Sunday, July 28, 2013

An American Tail (1986)

WHO: Steven Spielberg was executive producer and lent his grandfather's name Fievel to the main character of this film. Former Disney animator Don Bluth directed it as his follow-up to The Secret of NIMH.

WHAT: Somehow I've never seen An American Tail, and had in fact almost forgotten about it until recently reading Art Spiegelman's book Metamaus about the creation and ramifications of his masterpiece of sequential art Maus, in which he relates how the animation became entwined with his anthropomorphic Holocaust tale after its work-in-progress appearance in RAW, the magazine he'd co-founded. A couple key excerpts:
In 1985, somebody showed me an interview with Steven Spielberg that indicated he was producing a feature-length animated cartoon about Jewish mice escaping the anti-Semitic pogroms of Russia to set up a new life in America. I believed that Don Bluth, the director, had seen the Maud chapters in RAW and I just imagined the story conference that led to An American Tail: "Okay. The Holocaust is kind of a bummer, you know, but maybe if we do a Fiddler On The Roof thing with cuter mice we could make a go of it." I was terrified their movie would come out before my book was finished...
...the confusion could have left me being perceived as somehow creating a kind of twisted and gnarled version of a Spielberg production rather than what I'm quite sure was the case: An American Tale was a sanitized reworking launched from the Maud concept. And just a few years ago my friend, Aline Kominsky told me that her mother had praised me: "That Art Spiegelberg, he's such a talented boy! Not only did he do Maus, but he did E.T.!"
This inspired Spiegelman to suggest the publication of Maus in two volumes rather than one, and ultimately An American Tail's production was delayed until after part one had been released, thereby avoiding any such confusion. 

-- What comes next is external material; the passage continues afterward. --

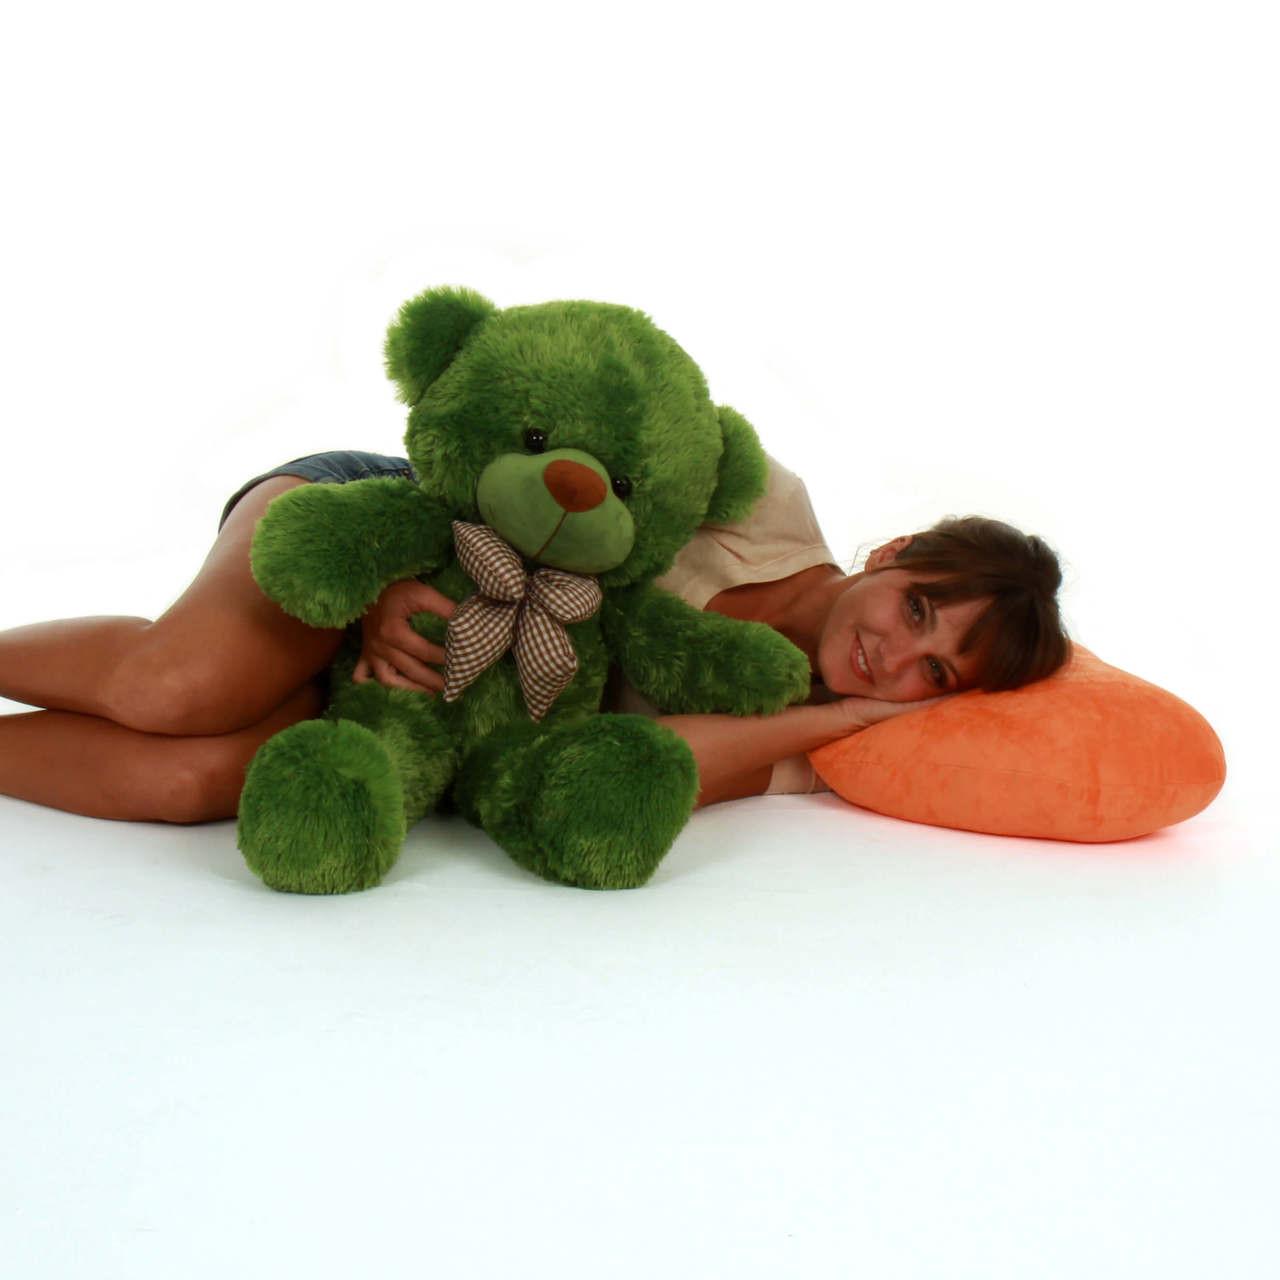 Big Green Teddy Bear Lucky Cuddles 30in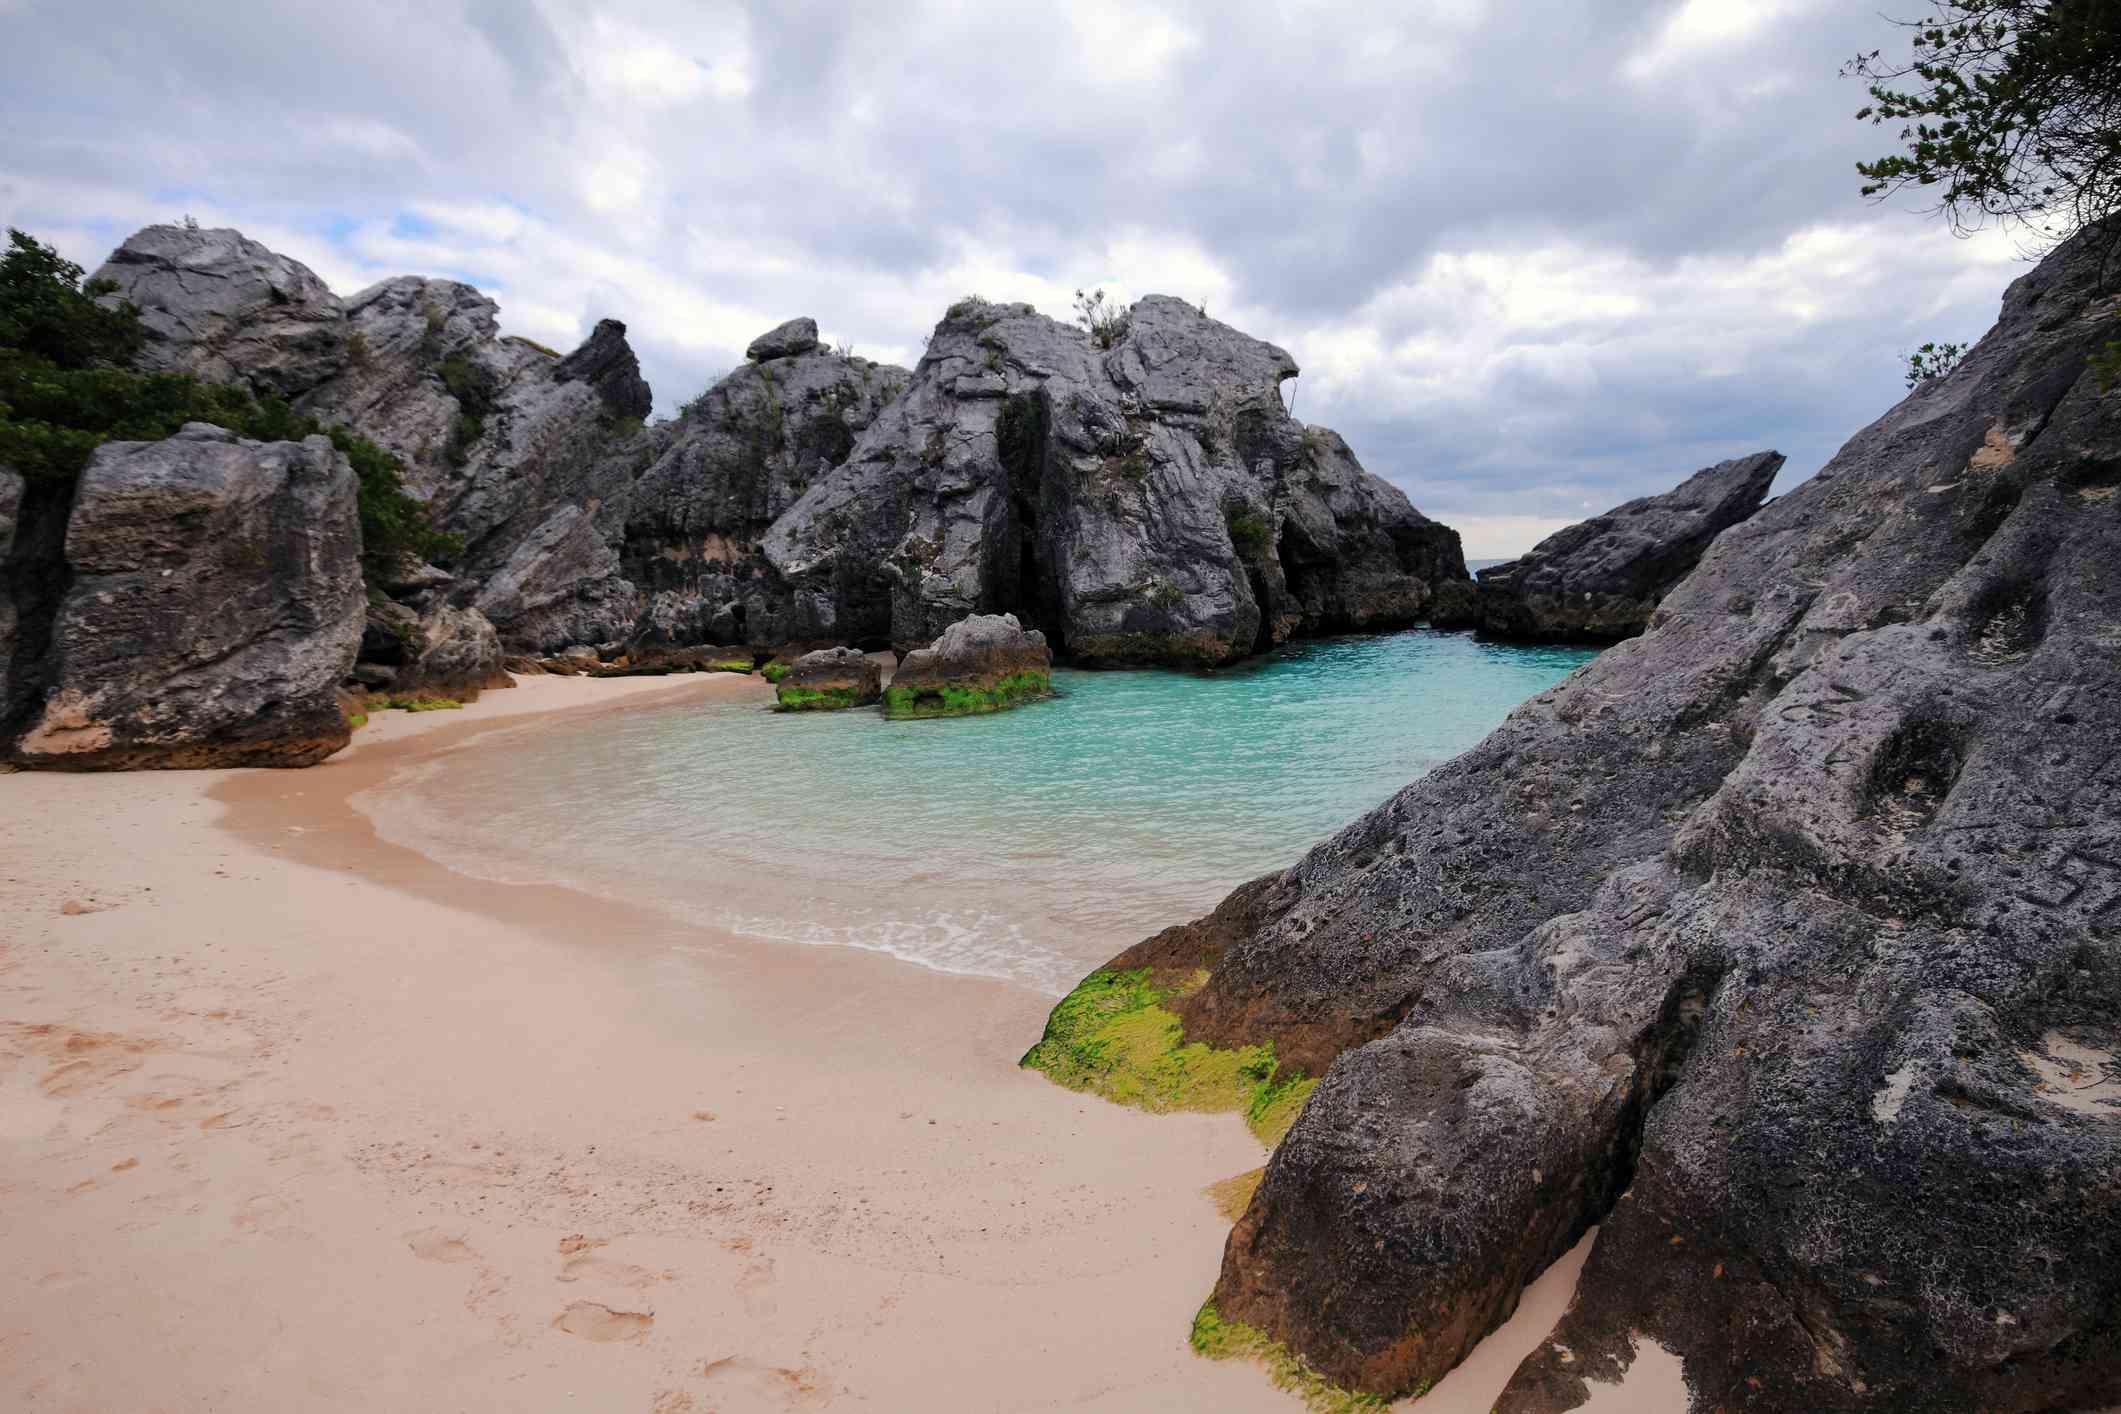 Jobsons Cove

WHERE/WHEN: 10:00 AM today only at the Castro Theatre, as part of the 33rd San Francisco Jewish Film Festival.

WHY: The SF Jewish Film Festival started last Thursday and runs through this coming Thursday, August 1st at the Castro before fanning out to other venues around Frisco Bay over the following week and a half. Cheryl Eddy's SF Bay Guardian article on the festival covers several of the festival's documentaries, and notes the SFJFF's broadening of its focus this year, in that "plenty of SFJFF's programs do specifically address Jewish religion and culture," but that several docs she pre-screened "simply happened to be made by a Jewish filmmaker."

In the case of An American Tail, the theme may be Jewish (it must be among the most prominent American animated features to feature explicitly Jewish characters) but the director was not; Bluth is Mormon. But the film still seems like an ideal selection to bring a "family" audience to a festival better known for showing films that appeal to viewers old enough to read subtitles and/or to digest heady intellectual topics. It's also, perhaps unintentionally, a great selection to bring to a festival that is including a documentary on the Maus-termind himself: The Art of Spiegelman, which screens next week at just about every festival venue but the Castro. I for one am hoping to be able to attend both films.

HOW: An American Tail and the August 11 showing of the The Producers (the movie based on the musical based on the movie, not the original movie) at Oakland's Grand Lake Theatre are, according to the Film On Film Foundation, the only two 35mm screenings at this year's SFJFF.